Em Sessão Solene realizada na noite dessa quinta-feira (13), o Tribunal de Justiça do Acre empossou a promotora de Justiça Waldirene Oliveira da Cruz – Lima Cordeiro no cargo de desembargadora.

Conduzida pelo desembargador-presidente Adair Longuini, a solenidade foi prestigiada por autoridades dos Poderes Executivo, representados pelo governador do Estado, Tião Viana; Legislativo, representados pelo deputado estadual Jonas Lima; e do Judiciário. Representantes das principais instituições acreanas, procuradores e promotores de Justiça, defesnores públicos, advogados, além de servidores do Ministério Público e Tribunal de Justiça.

Ao ser conduzida pelos desembargadores Eva Evangelista e Francisco Djalma para prestar juramento formal e compromisso público, Waldirene Cordeiro assinou o termo de investidura no cargo de desembargador.

Discursos

Em nome da Corte de Justiça Acreana, a desembargadora Denise Bonfim saudou a empossada. “Sua atuação profissional é ampla; construiu uma história exemplar dentro do Ministério Público Estadual, sendo um de seus membros mais aguerridos e atuantes.
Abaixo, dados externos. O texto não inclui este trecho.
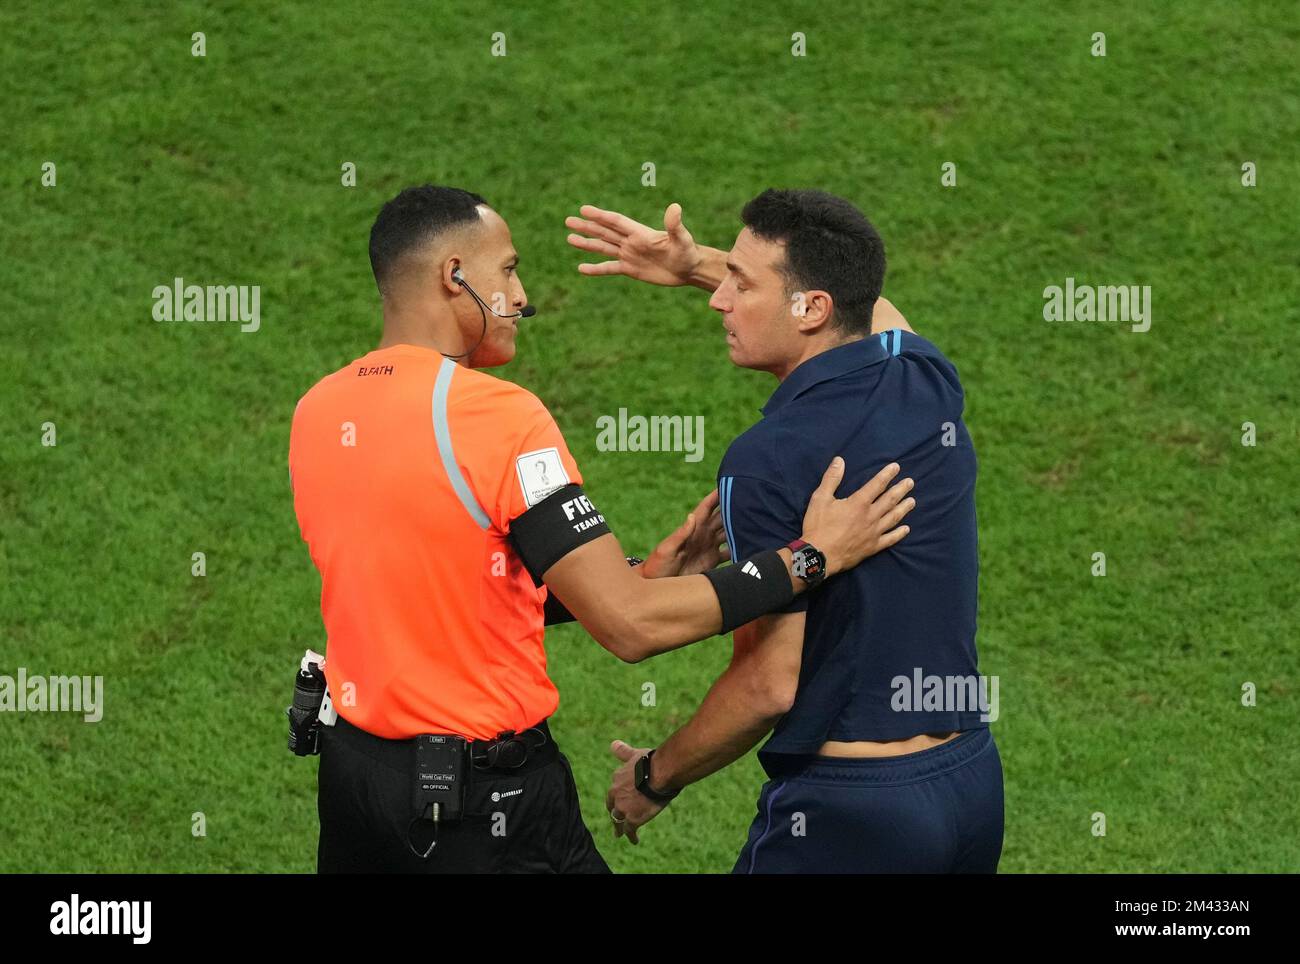 Austin's Ismail Elfath to be fourth official in FIFA World Cup final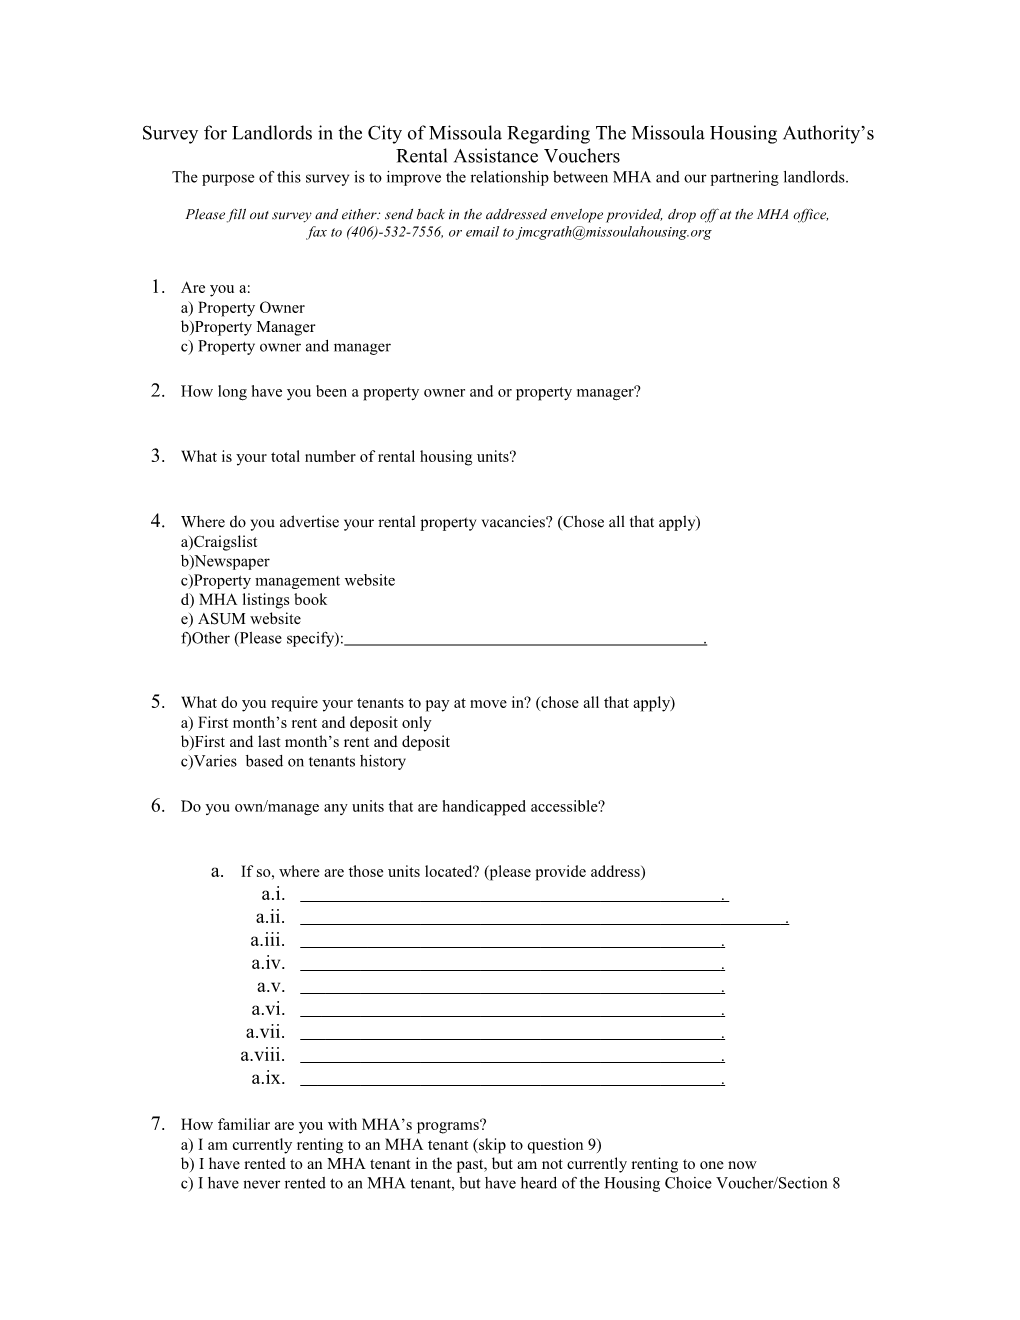 Survey for Landlords in the City of Missoula Regarding the Missoula Housing Authority S

Essa Corte está imbuída de um sentimento de alegria, neste momento em que se renova com a chegada de outros desembargadores e a criação de mais uma Câmara Cível”, destacou Denise Bonfim.

A Procuradora Geral de Justiça, Patrícia Rêgo lembrou em seu pronunciamento a importância da regra do quinto constitucional. “O ingresso nos quadros da magistratura por esse mecanismo deve refletir e impactar necessariamente nesse novo caminhar da Justiça. Dessa forma, podemos democratizar o Judiciário e garantir a pluralidade de enfoques”, assinalou.

O presidente da Ordem dos Advogados do Brasil – Seccional Acre, Florindo Poersch, felicitou Waldirene Cordeiro. “Que vossa excelência seja muito feliz nessa nova fase de sua trajetória, pois quando estamos felizes tudo dá certo e conseguimos construir boas relações com os que nos rodeiam, com nossos colegas e pares, e com as demais instituições”, afirmou.

Em seu discurso como nova desembargadora do Tribunal de Justiça, Waldirene Cordeiro agradeceu o apoio da família, dos amigo, colegas procuradores, promotores, juízes e servidores com quem trabalhou ao longo de sua carreira. Ao falar sobre o novo desafio em sua vida pública, afirmou: “Estou disposta e com entusiasmo em dar o meu melhor, para que a almejada Justiça chegue aos jurisdicionados acreanos. Mas se recebi tanto, serei cobrada na mesma proporção. Tenho plena convicção de que o honroso papel que passo a desempenhar exigirá muito mais de mim do que o saber do Direito ou o saber jurídico”.

Waldirene Cordeiro também declarou que pretende julgar os processos “lembrando que eles são mais do que uma série de atos jurídicos concatenados. Carregam em primeiro lugar a esperança de cada pessoa que bate à porta do Judiciário em busca de uma efetiva justiça”, salientou.

Vaga

Waldirene Cordeiro ocupa a 11ª vaga de desembargador, destinada à carreira do Ministério Público Estadual (MPE), criada a partir da ampliação do número de membros no Tribunal de Justiça, com a edição da Lei Complementar Estadual nº 240, de 29 de dezembro de 2011.

A referida lei instituiu três novos cargos de desembargador, sendo um deles destinado ao MP, em observância à regra do quinto constitucional, conforme estabelece o artigo 94 da Constituição Brasileira.

Nna data de 13 de fevereiro de 2012, de acordo com o artigo 264 do Regimento Interno do TJAC, o presidente Adair Longuini encaminhou ofício à procuradora-geral de Justiça Patrícia Rêgo, solicitando o envio da lista sêxtupla dos membros do Ministério Público concorrentes à vaga do quinto constitucional no Tribunal.

Após o recebimento dessa lista sêxtupla, a Corte de Justiça do Acre, em sessão do Tribunal Plano Administrativo, realizada no dia 19 de setembro, apreciou o processo nº 0000227-69.2012.8.01.0000 e promoveu a formação da lista tríplice.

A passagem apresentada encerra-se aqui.